The bond market of emerging economies has experienced a strong upswing in recent sessions, driven by rising expectations that the Federal Reserve is nearing a policy shift toward cutting interest rates.
The iShares J.P. Morgan USD Emerging Markets Bond ETF EMB, which tracks dollar-denominated bonds from around 30 emerging-market governments, has rallied to levels last seen in May 2022, recording gains in nine of the last ten sessions.
Similarly, the iShares J.P. Morgan EM Local Currency Bond ETF LEMB, which invests in local-currency-denominated bonds from emerging markets, has climbed to a one-year high.
EM Bonds Rally As Traders Eye Lower U.S. Interest Rates: Dollar Weakens
Much of this outperformance in the local currency sovereign bond market has been concentrated in Latin America and in countries like Mexico, Brazil, and Poland, which have struggled for much of this year, according to Tadas Gedminas, an analyst at Goldman Sachs.
Gedminas also highlighted that “diminishing U.S. growth exceptionalism and greater confidence in the start of the Fed’s easing cycle should ease constraints on emerging market policymakers and support a broader cycle of rate cuts across these economies.”
Goldman Sachs anticipates that central banks in South Korea, South Africa, and India will begin easing policy rates before the year ends.
Traders are fully pricing in a U.S. rate cut in September, with market-implied probabilities suggesting a 73% chance of a 25-basis-point cut, with additional reductions expected in November and December.
On the currency front, the U.S. dollar has weakened in August, particularly against Asian currencies.
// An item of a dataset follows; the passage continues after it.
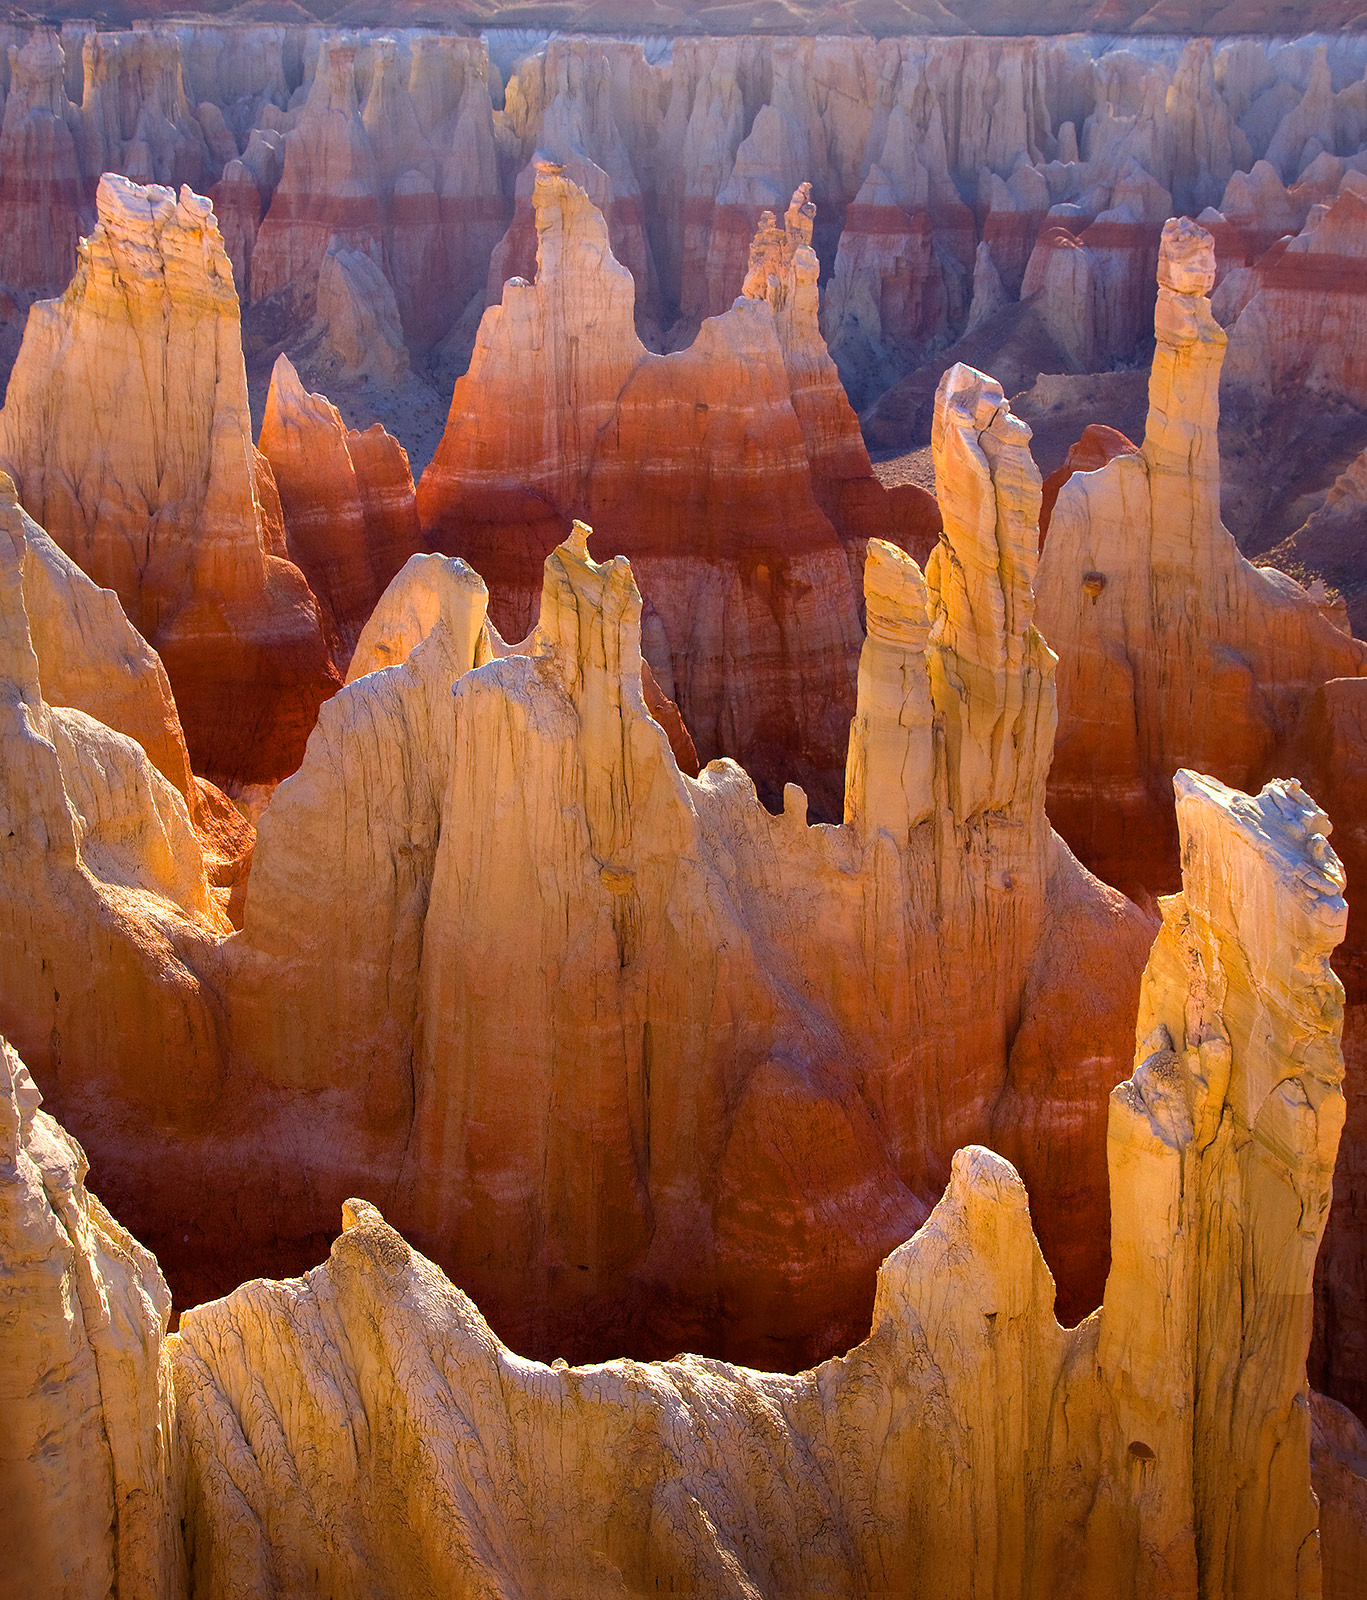 Steep and colorful rock formations backlit at sunrise in the Arizona desert.

The greenback has fallen by 5% month-to-date against the Indonesian rupiah, marking the rupiah’s best-performing month since April 2020.
The dollar has also depreciated by between 3% and 4% against the Malaysian ringgit, Thai baht, Philippine peso, and Korean won.
In Latin America, the dollar has dropped by over 3% this month against the Brazilian real, on track to end a streak of seven consecutive months of strengthening.
Improving Capital Inflows Into EM Economies
An International Monetary Fund (IMF) report released last week highlighted a slight recovery in net capital inflows to emerging markets and developing economies from the lows experienced in 2022, although they remained negative overall in 2023.
Excluding China, which continued to account for a large share of negative net capital inflows, other emerging markets as a group saw positive and increasing inflows.
High-frequency data from the IMF indicate that gross portfolio inflows into emerging markets, excluding China, were positive in the first few months of 2024.
These inflows were influenced by “fluctuations in U.S. financial conditions, with optimism in financial markets and the limited depreciation of the U.S. dollar in the fourth quarter of 2023 helping to rekindle capital inflows to emerging markets,” the Fund wrote.